» **TASK TO COMPLETE**:
The expected result is an exact copy of the lines from the one holding "مایع دستشویی لوکس" to the last line of the material, with pictures removed and nothing added.

» **DATA SECTION**:
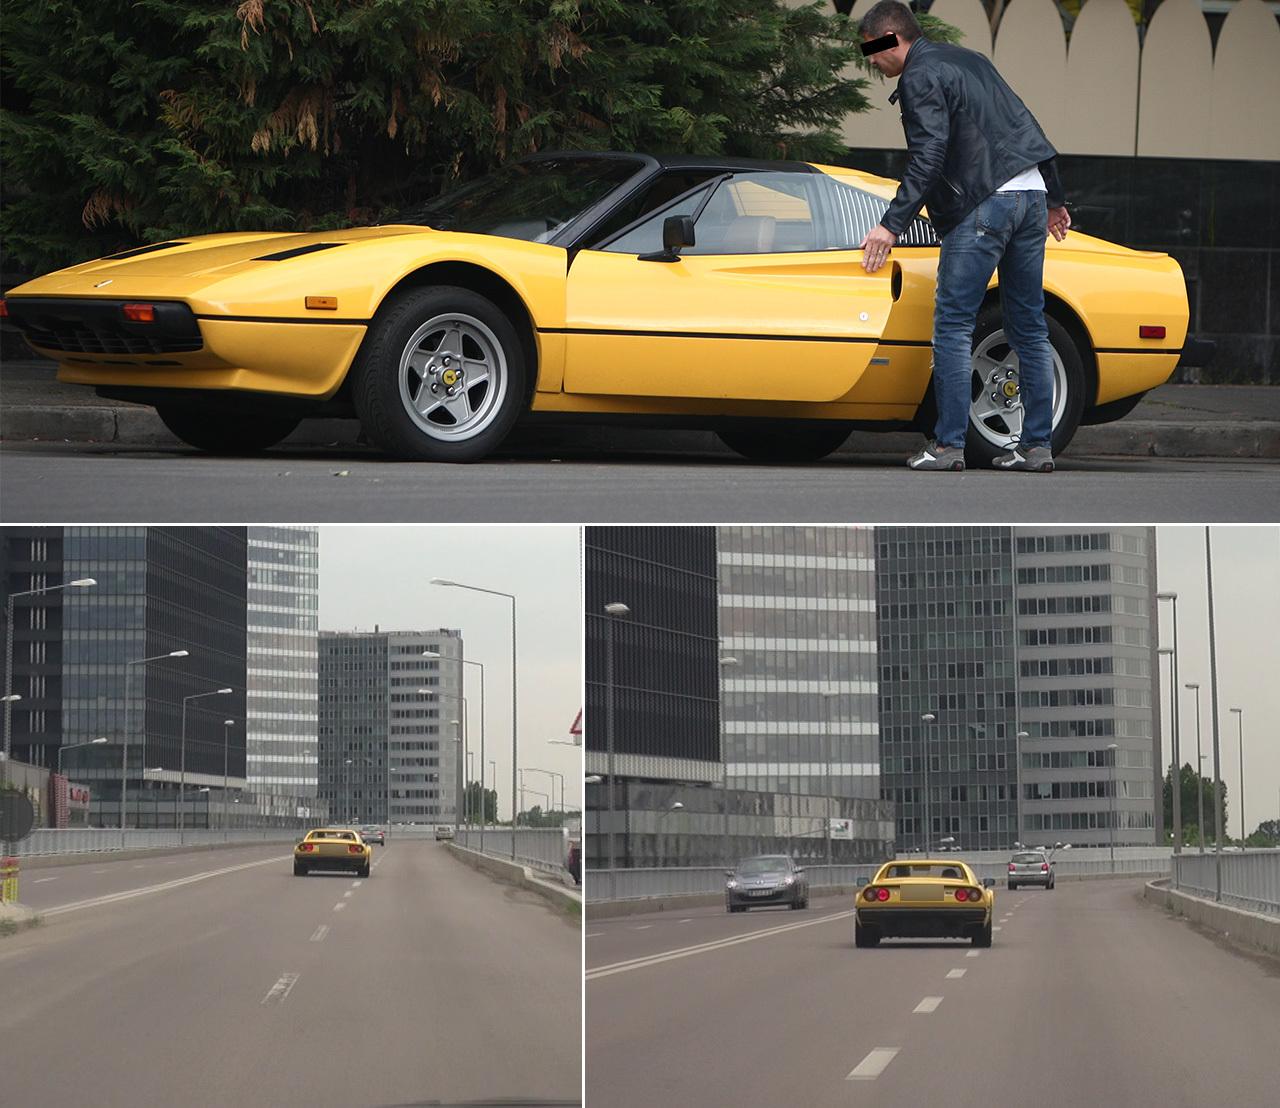 """Celebrul avocat îşi """"testează"""" prin oraş Ferrariul de colecţie: acul vitezometrului a atins la un moment dat 180 km/h"""
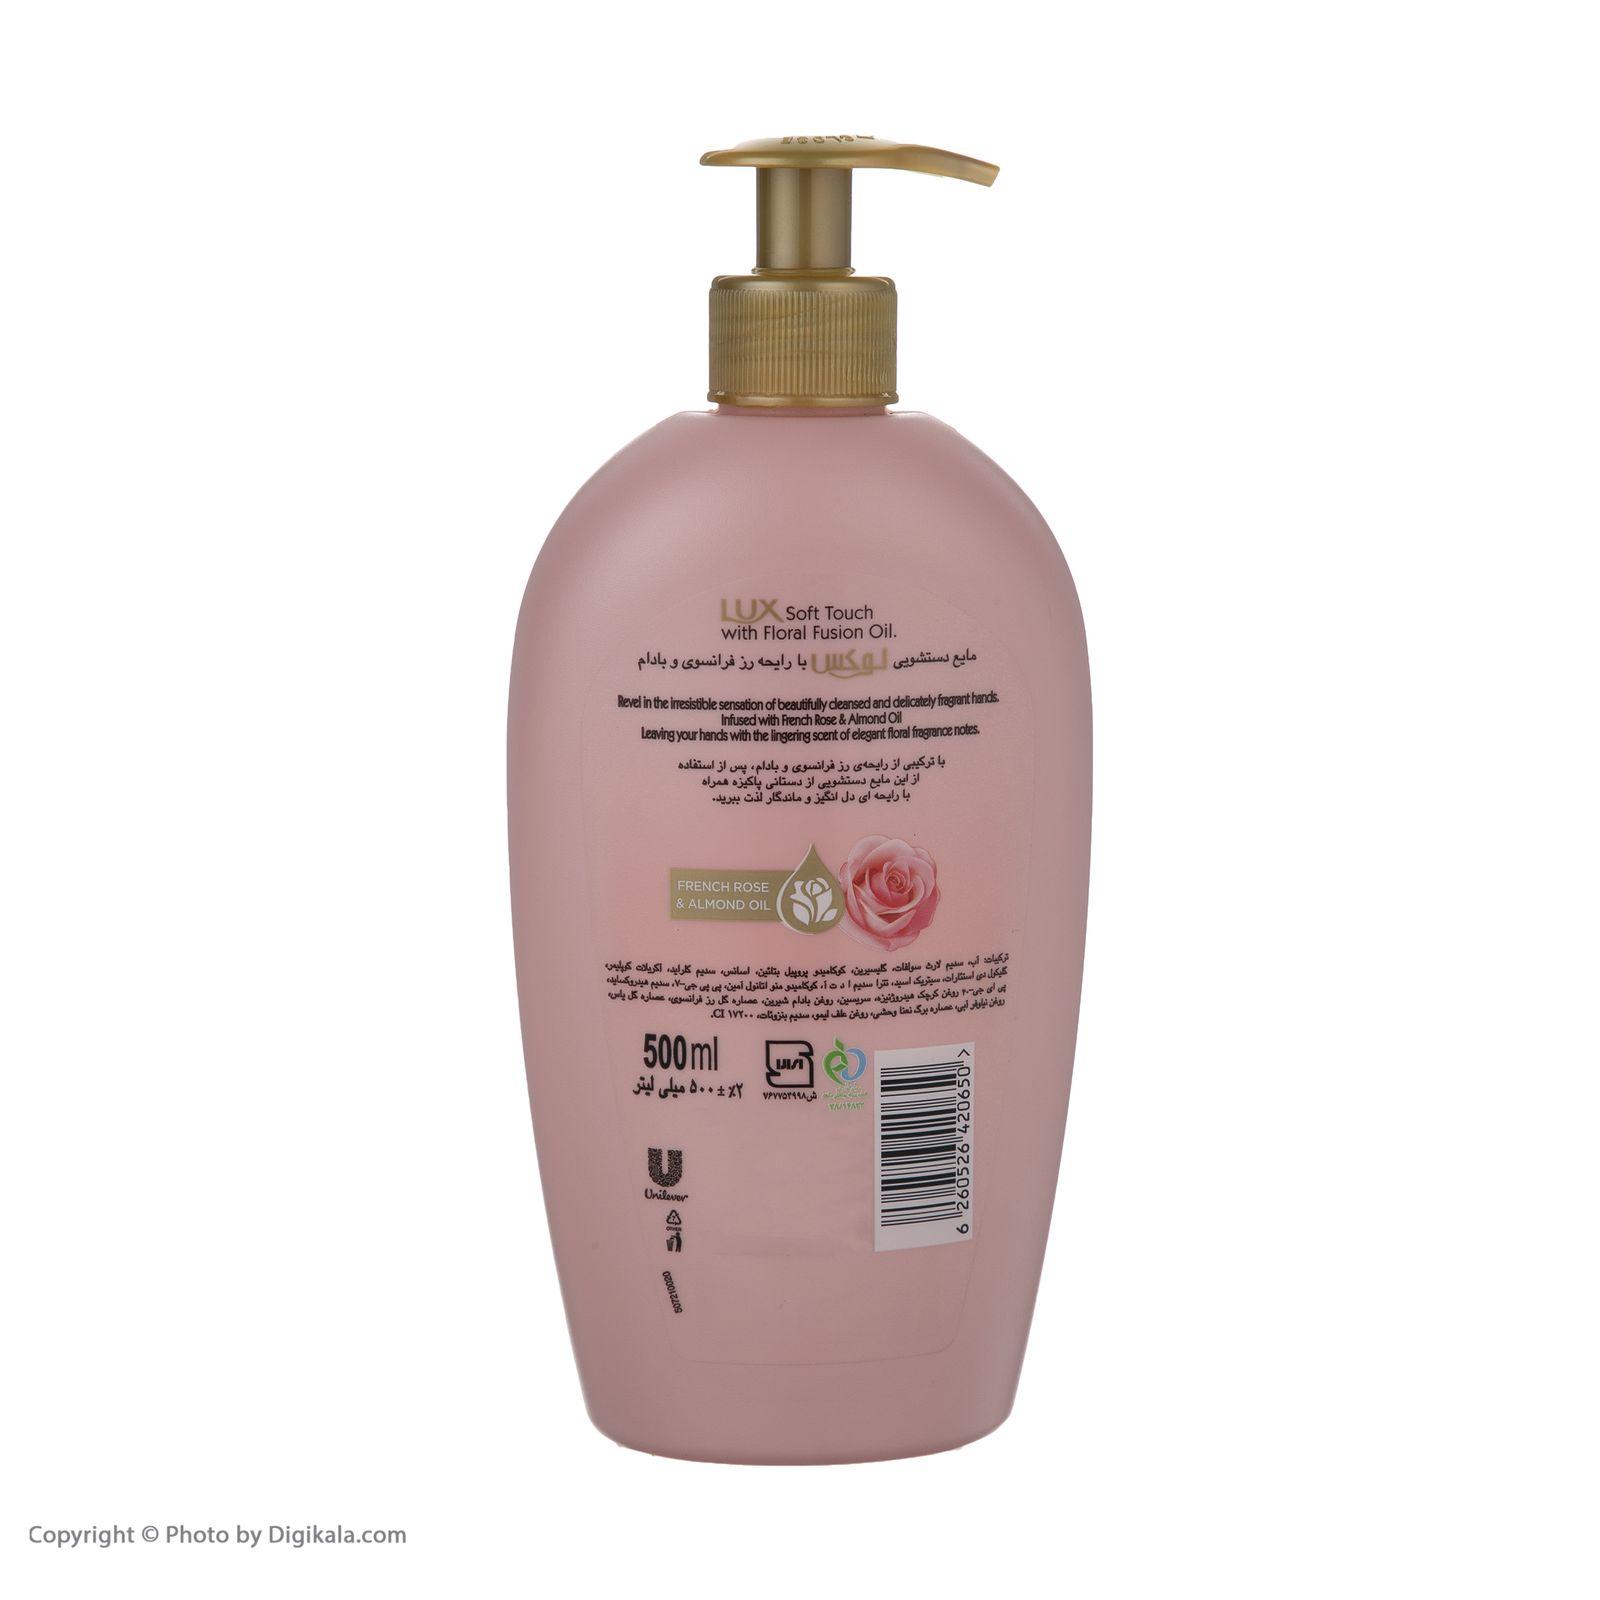 مایع دستشویی لوکس مدل رزفرانسوی و بادام مقدار 500 میلی لیتر main 1 2
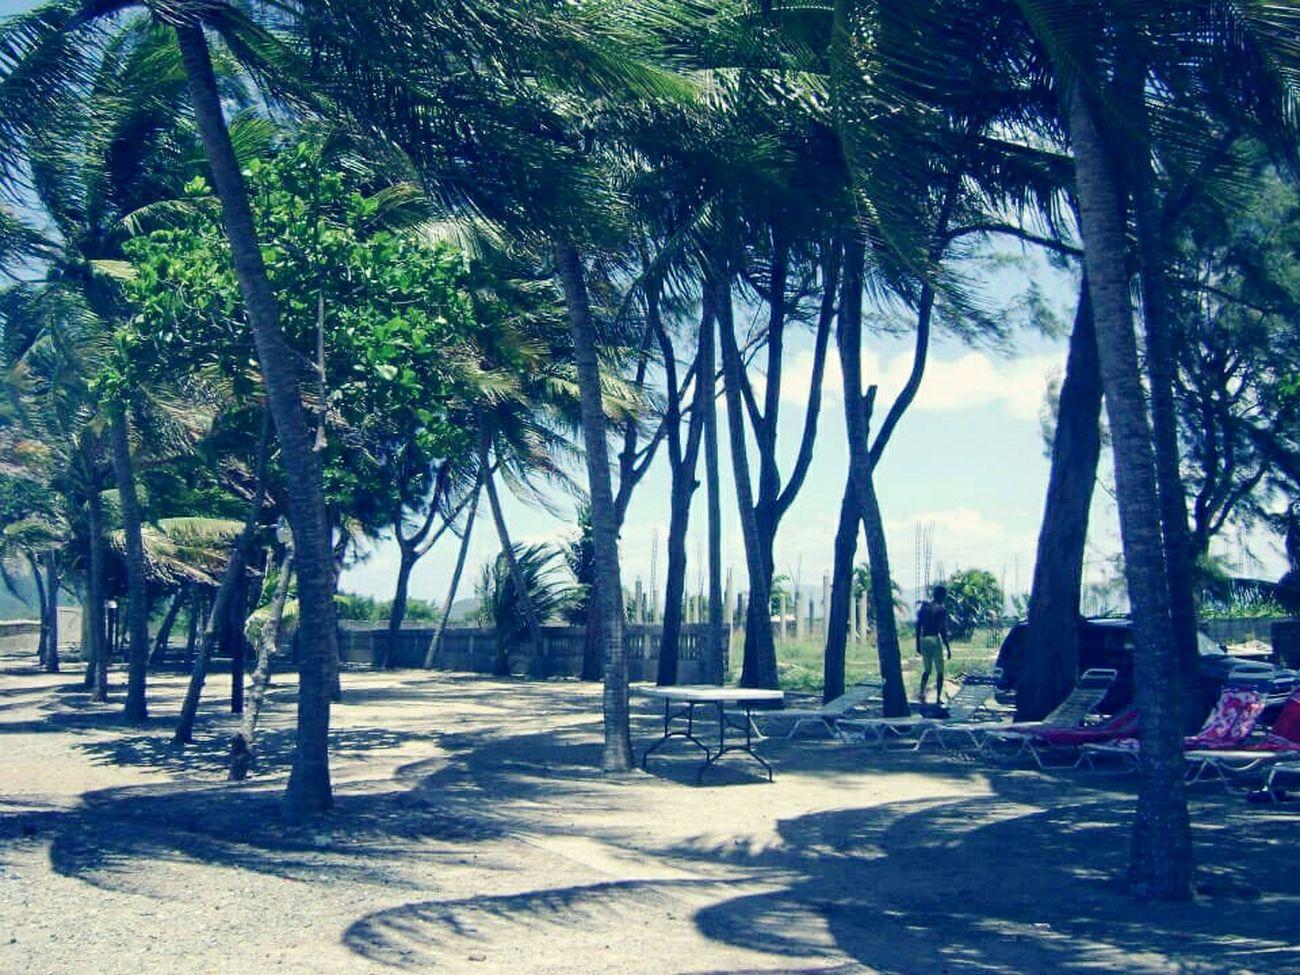 This Is Haiti Cap Haitien Missing Haiti Haiti Beautiful Trees Palm Trees

» **YOUR SOLUTION**:
 مایع دستشویی لوکس مدل رزفرانسوی و بادام مقدار 500 میلی لیتر main 1 2
 This Is Haiti Cap Haitien Missing Haiti Haiti Beautiful Trees Palm Trees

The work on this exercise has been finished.